Psychiatric Outcome Tracking in HiBoop
BSI alongside PHQ-9, GAD-7, PCL-5, and PANSS, integrated psychiatric symptom monitoring across outpatient, residential, and clinical trial settings.
Frequently Asked Questions
What GSI T-score indicates clinical caseness on the BSI?
A Global Severity Index (GSI) T-score of 63 or above indicates clinical caseness on the BSI. This threshold represents approximately the 90th percentile relative to the normative sample and signals that the level of psychological distress is elevated enough to warrant clinical attention.

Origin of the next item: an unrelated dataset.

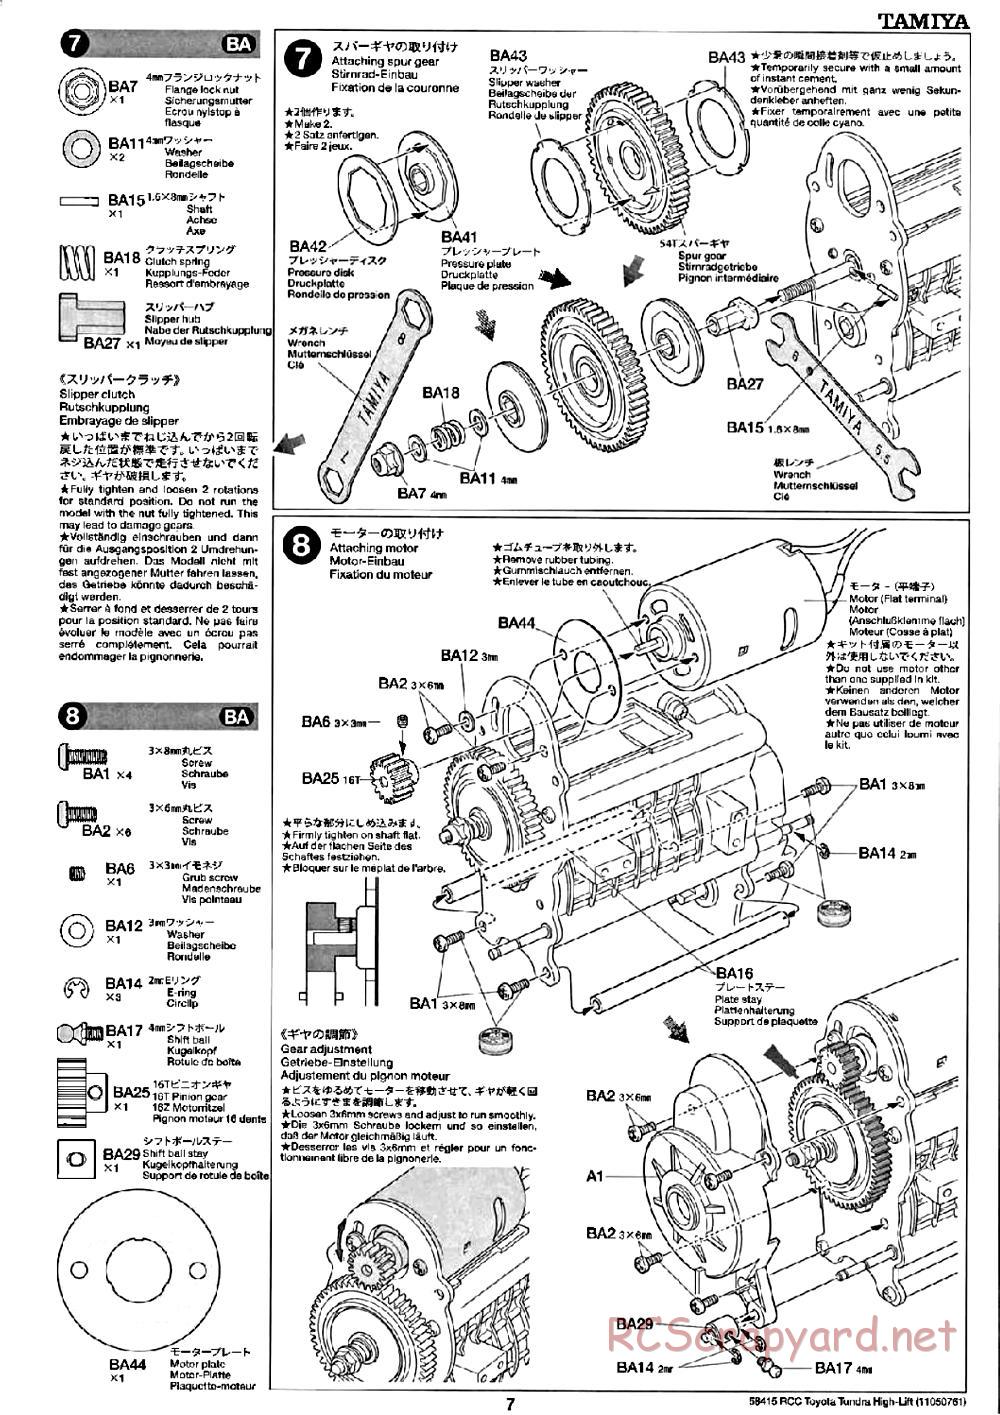 Tamiya - Toyota Tundra High-Lift Chassis - Manual - Page 7

Alternatively, meeting T≥63 on two or more of the nine symptom dimensions also meets the caseness criterion.
What is the difference between the BSI, BSI-18, and SCL-90-R?
All three scales measure psychological symptom distress but differ in length and scope. The SCL-90-R (90 items, 12–15 minutes) provides the most detailed profiling across 9 dimensions. The BSI (53 items, 8–10 minutes) covers the same 9 dimensions plus 3 global indices and is preferred for outpatient clinical research. The BSI-18 (18 items, 4–5 minutes) assesses only Somatization, Depression, and Anxiety with a GSI, making it suitable for medical settings and population screening.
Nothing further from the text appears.